WORK TO COMPLETE – Give back all of the data exactly as it stands, with the pictures removed.
---- COLLECTED MATERIAL
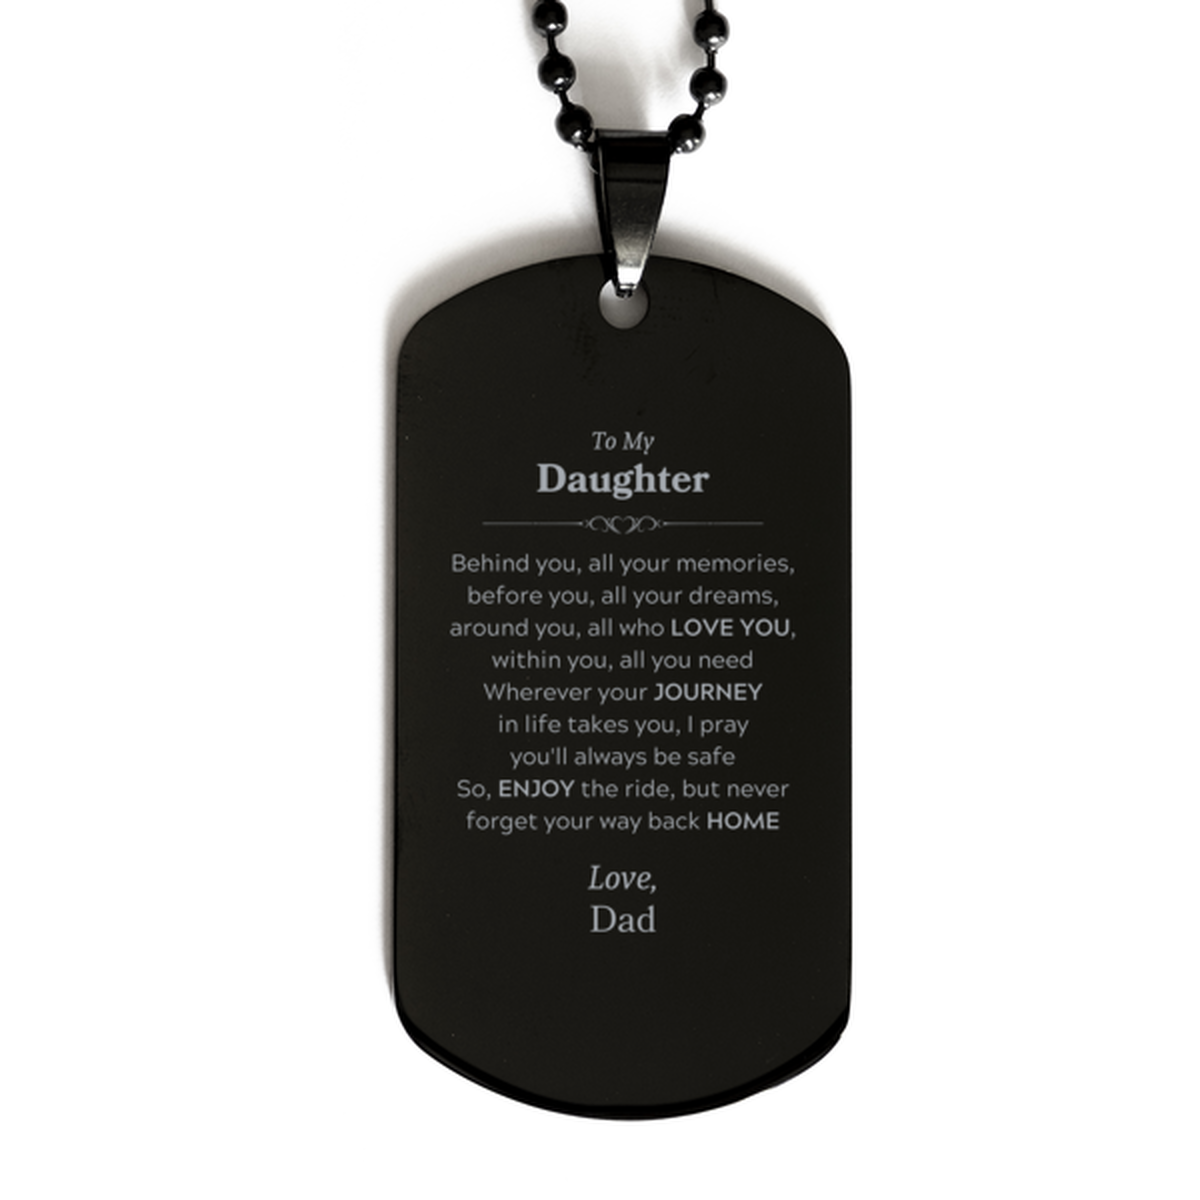 To My Daughter Graduation Gifts from Dad, Daughter Black Dog Tag Christmas Birthday Gifts for Daughter Behind you, all your memories, before you, all your dreams. Love, Dad
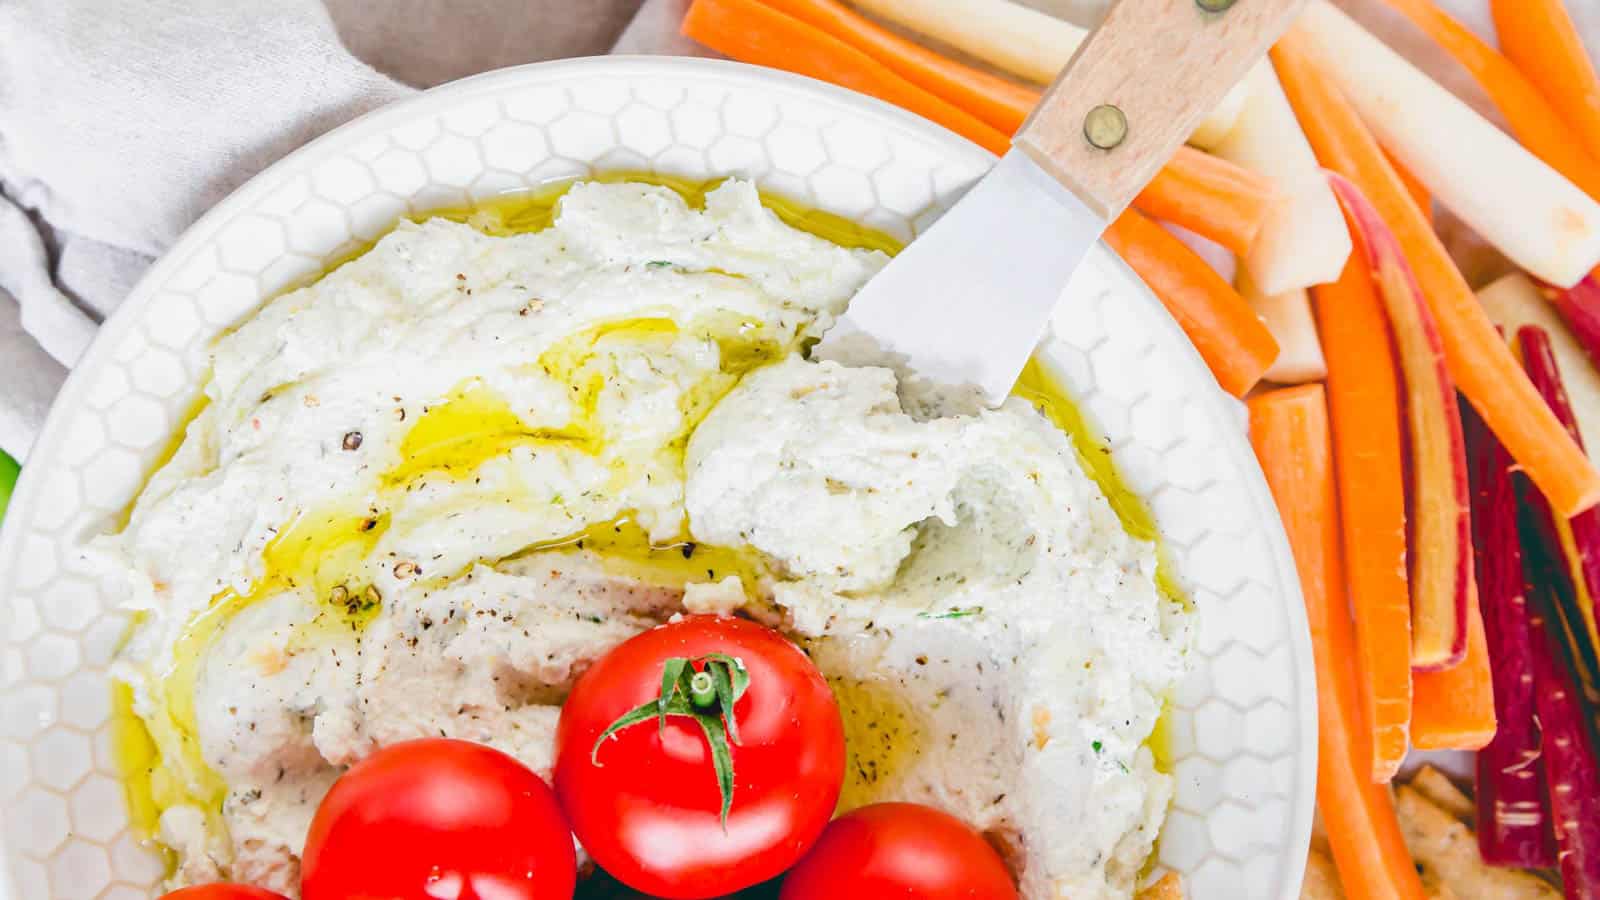 Whipped goat cheese dip topped with olive oil in a bowl with cherry tomatoes and a cheese spreader.
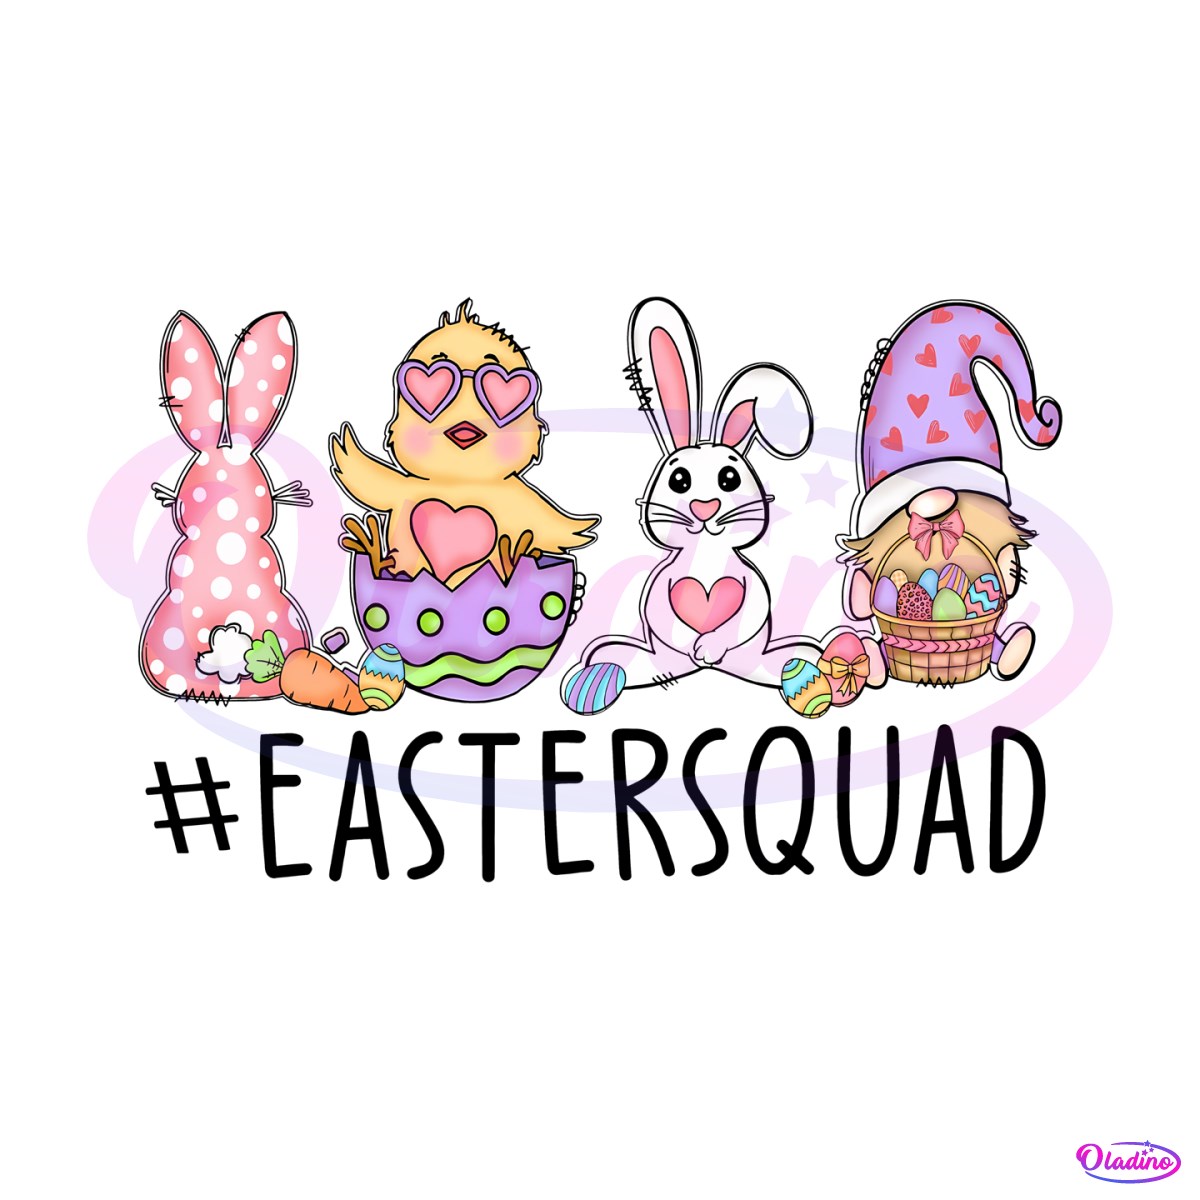 easter-squad-bunny-chicks-eggs-png
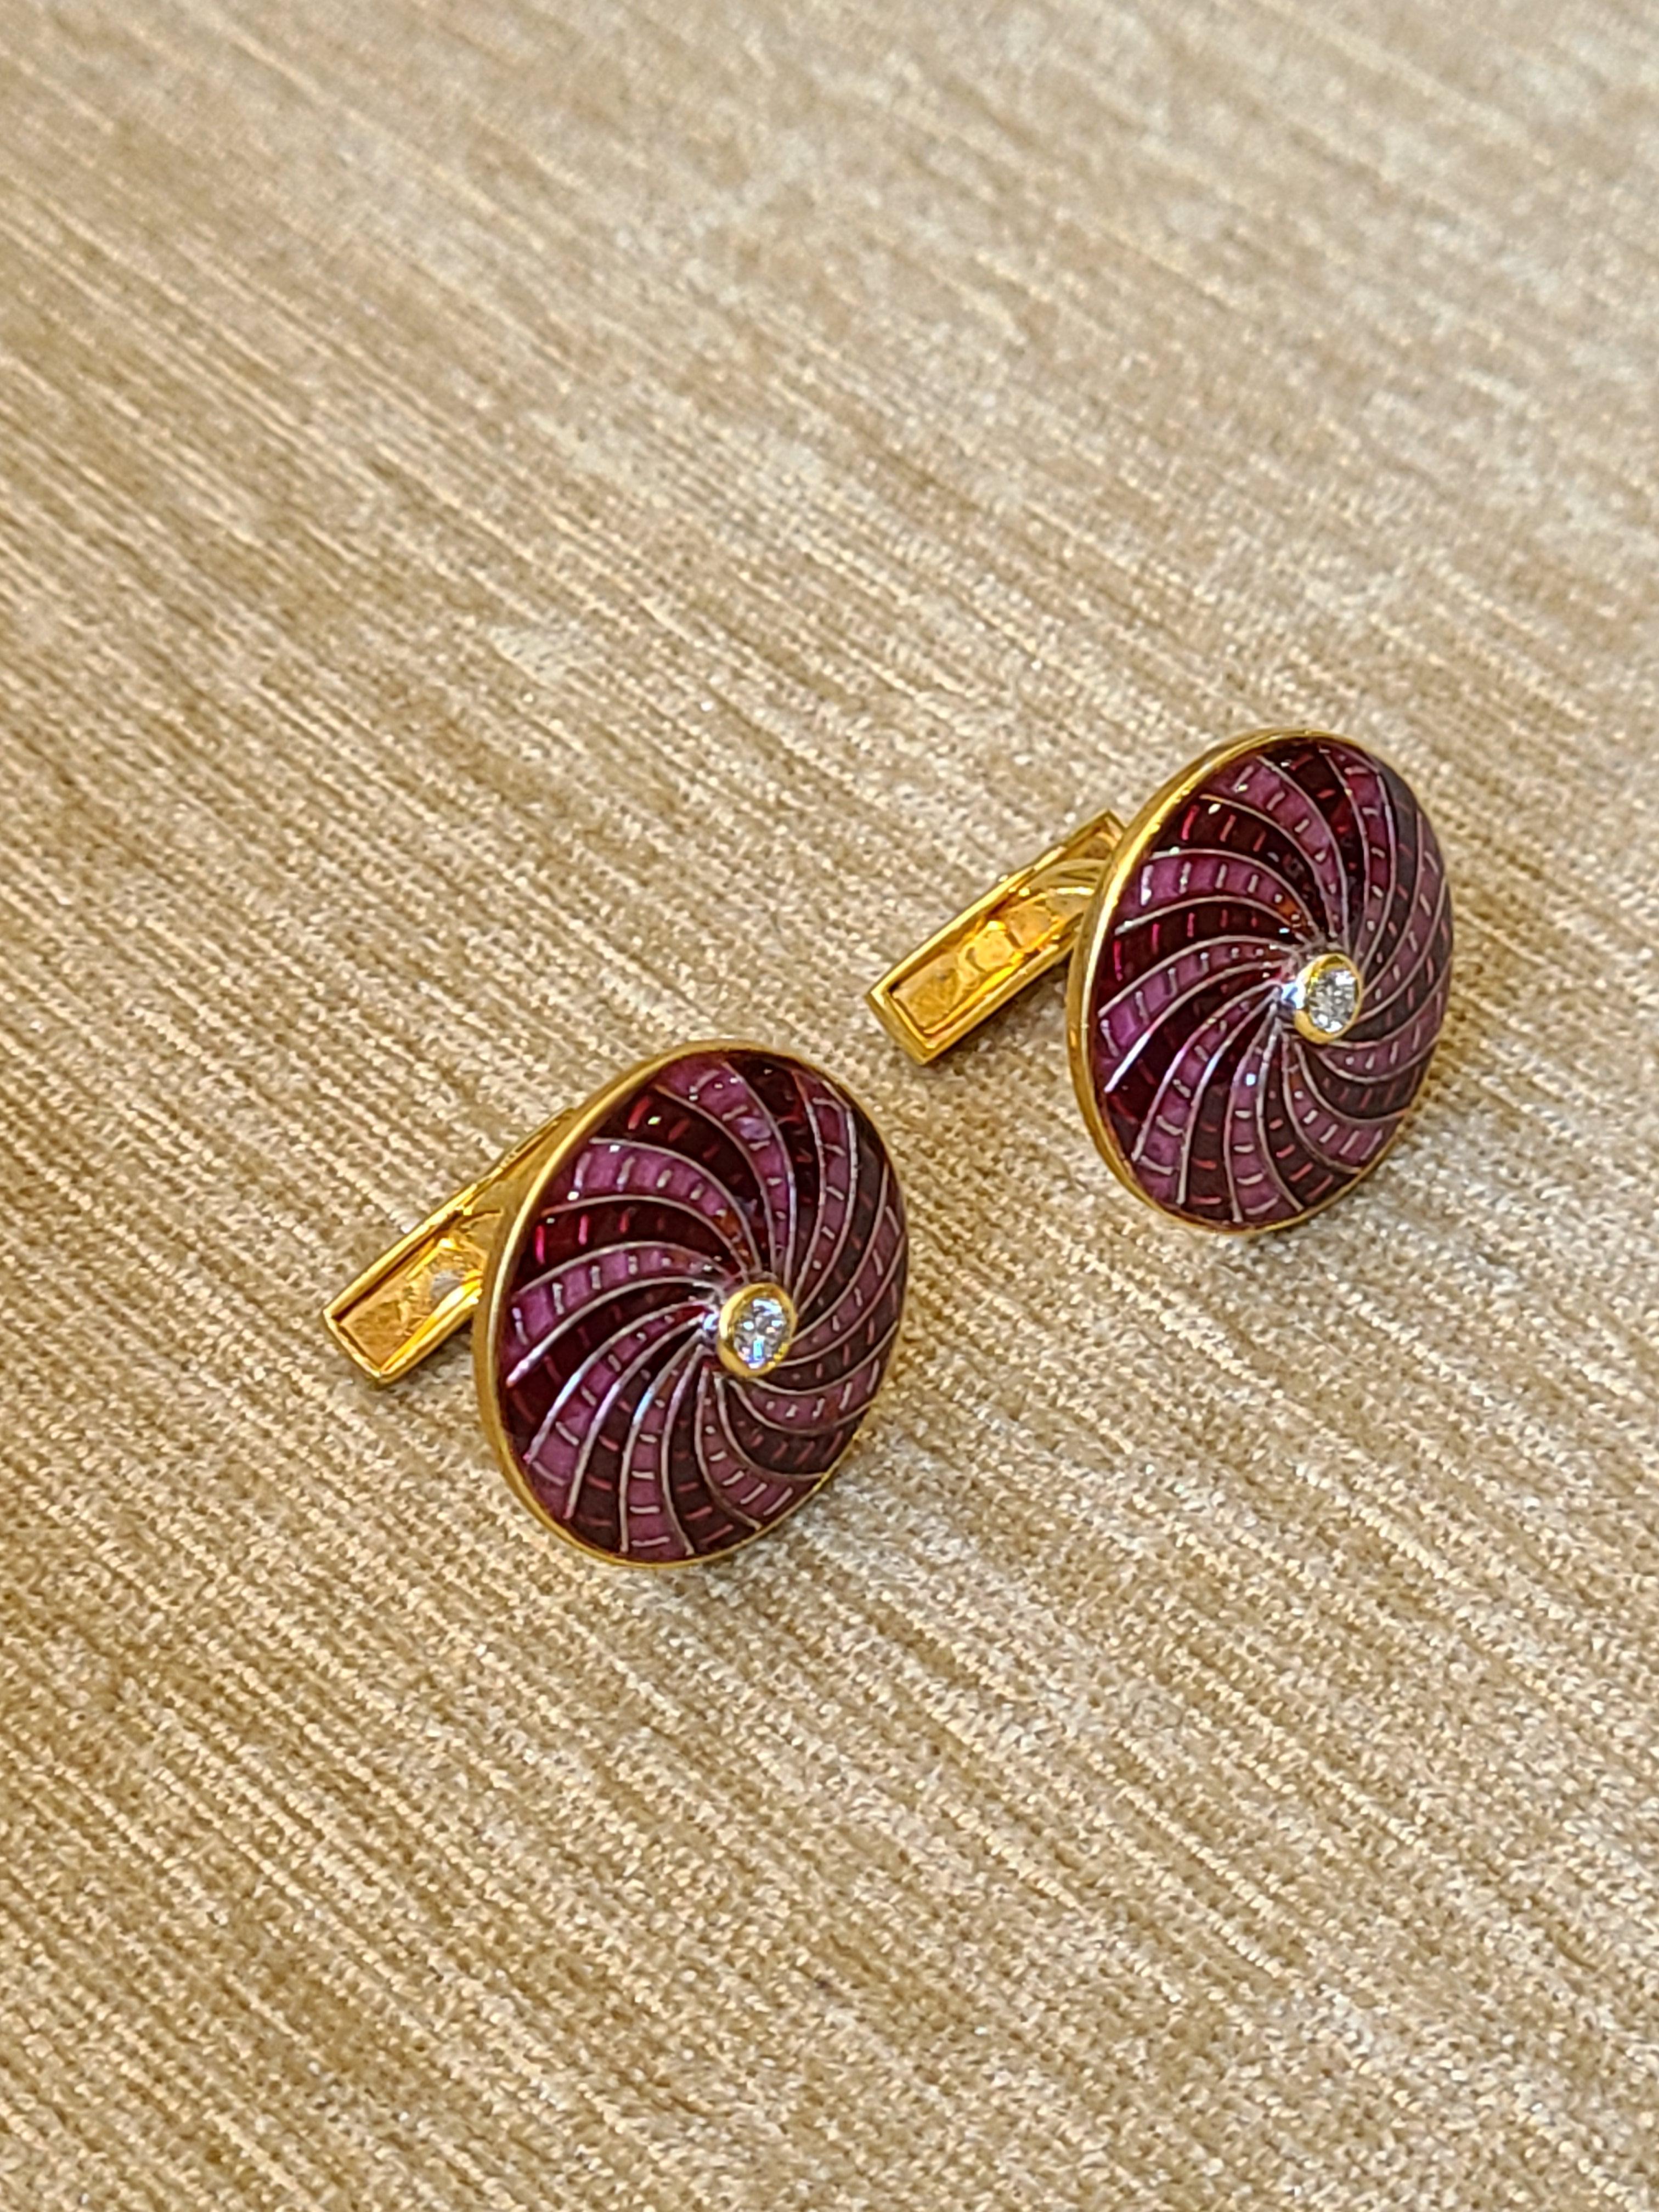 A beautiful pair of cufflinks set in 14k yellow gold with pink and red high finish enamel with diamonds. The cufflinks net gold weight is 12.72 grams and diamond weight is .30 carats . The cufflink dimension in cm 2 x 2 x 2.1 (LXWXD).
--------
ANSWER BELOW –
 To My Daughter Graduation Gifts from Dad, Daughter Black Dog Tag Christmas Birthday Gifts for Daughter Behind you, all your memories, before you, all your dreams. Love, Dad
 Whipped goat cheese dip topped with olive oil in a bowl with cherry tomatoes and a cheese spreader.
 easter-squad-bunny-chicks-eggs-png
 A beautiful pair of cufflinks set in 14k yellow gold with pink and red high finish enamel with diamonds. The cufflinks net gold weight is 12.72 grams and diamond weight is .30 carats . The cufflink dimension in cm 2 x 2 x 2.1 (LXWXD).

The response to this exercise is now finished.